His eyes flickered over her, lazily, yet in a way that somehow made her pulse race. What was he doing, looking at her like that? She tried to stubbornly outstare him, yet found herself utterly distracted by his implacably male figure, his hands, his mouth—oh, Lord, that impossibly wicked mouth, that surely was curling even now, in a smile of derision.…

She fixed her eyes rather desperately on the rakish stripes of his waistcoat. He drawled, ‘Promises are empty things. You said you will pay me what you can. I’d like to know how much.’

Her voice was a little unsteady now. ‘I cannot afford more than two hundred francs.’

He folded his arms. ‘That,’ he said with faintly concealed contempt, ‘is pitiable.’

‘It’s not much, I know!’ Her distress was open. ‘But the commissions—my father will make sure you become known, in circles you can only dream of, aristocratic circles!’

He folded his arms, and leaned his wide shoulders back against a gilded pillar that was crowned by a marble bust of Napoleon. Bother Napoleon, Sophie thought in a sudden outburst of fury, bother him!

‘An offer I can resist, believe me.’

‘Oh.’ Her disappointment made her almost crumple.

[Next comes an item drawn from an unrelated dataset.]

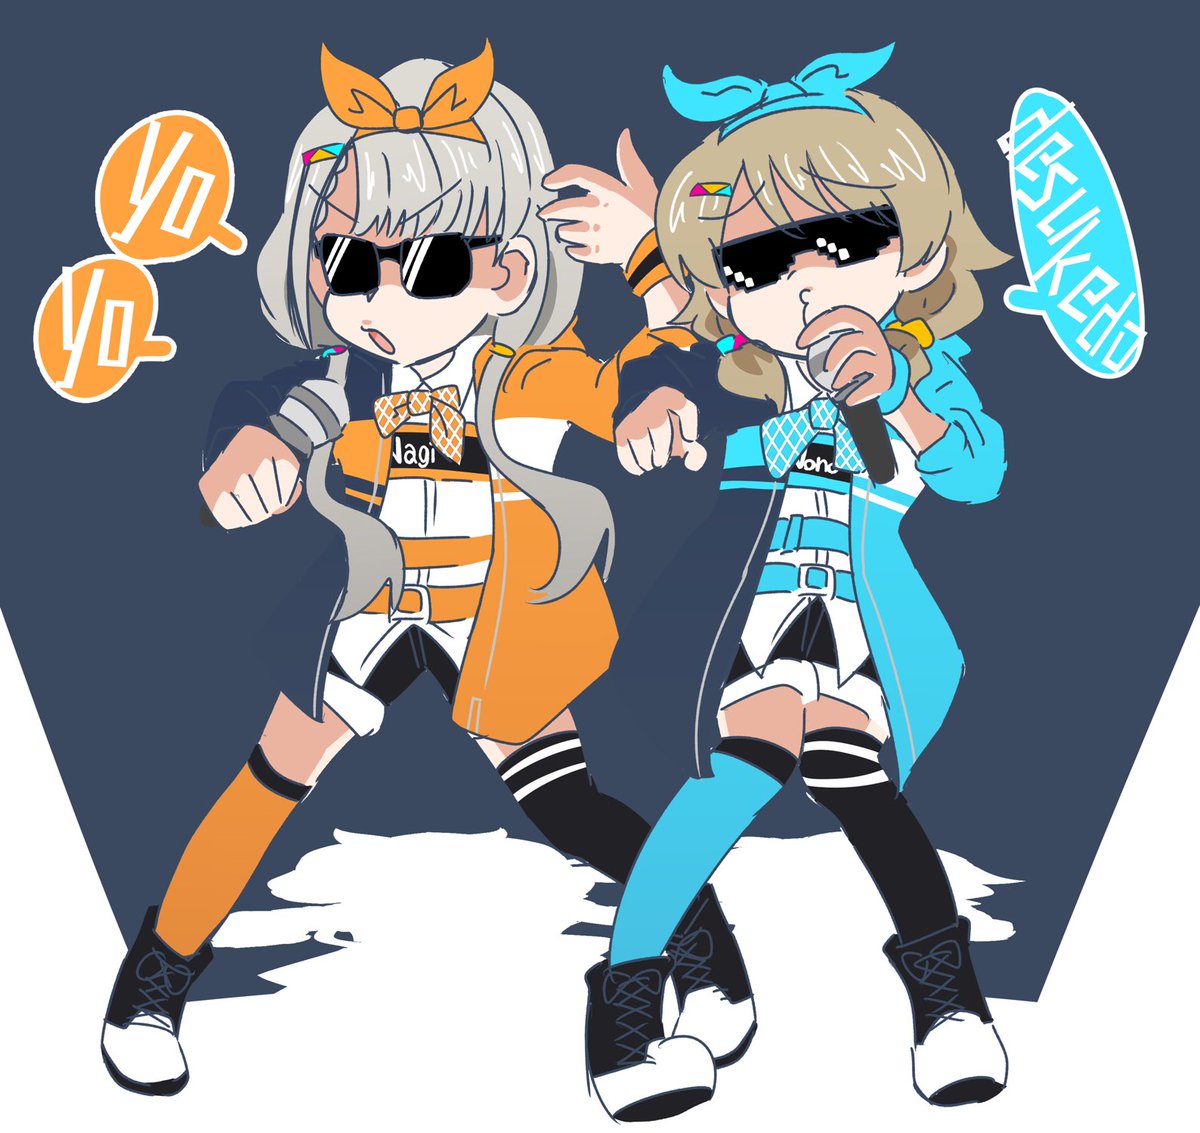 hisakawa nagi multiple girls 2girls asymmetrical legwear sunglasses thighhighs jacket mismatched legwear  illustration images

Then he shrugged, an easy, lithe movement that somehow made her heart do a strange little flutter. ‘But I’ll make a suggestion, shall I? I’ll tell you what my fee will be. But only when you’ve told me exactly what you require me to do.’

She bit her lip. ‘I’ve told you. I have so little money, I cannot pay you more!’

‘Who said it would be money, mam’selle?’ he drawled. ‘Indeed, all it will cost you is a few minutes of your time, believe me.’

Her mind reeled. Whatever it was, she had to accept. She was desperate.

‘My task?’ he prompted gently.

She moistened her dry lips and met his eyes directly, almost proudly. He liked that.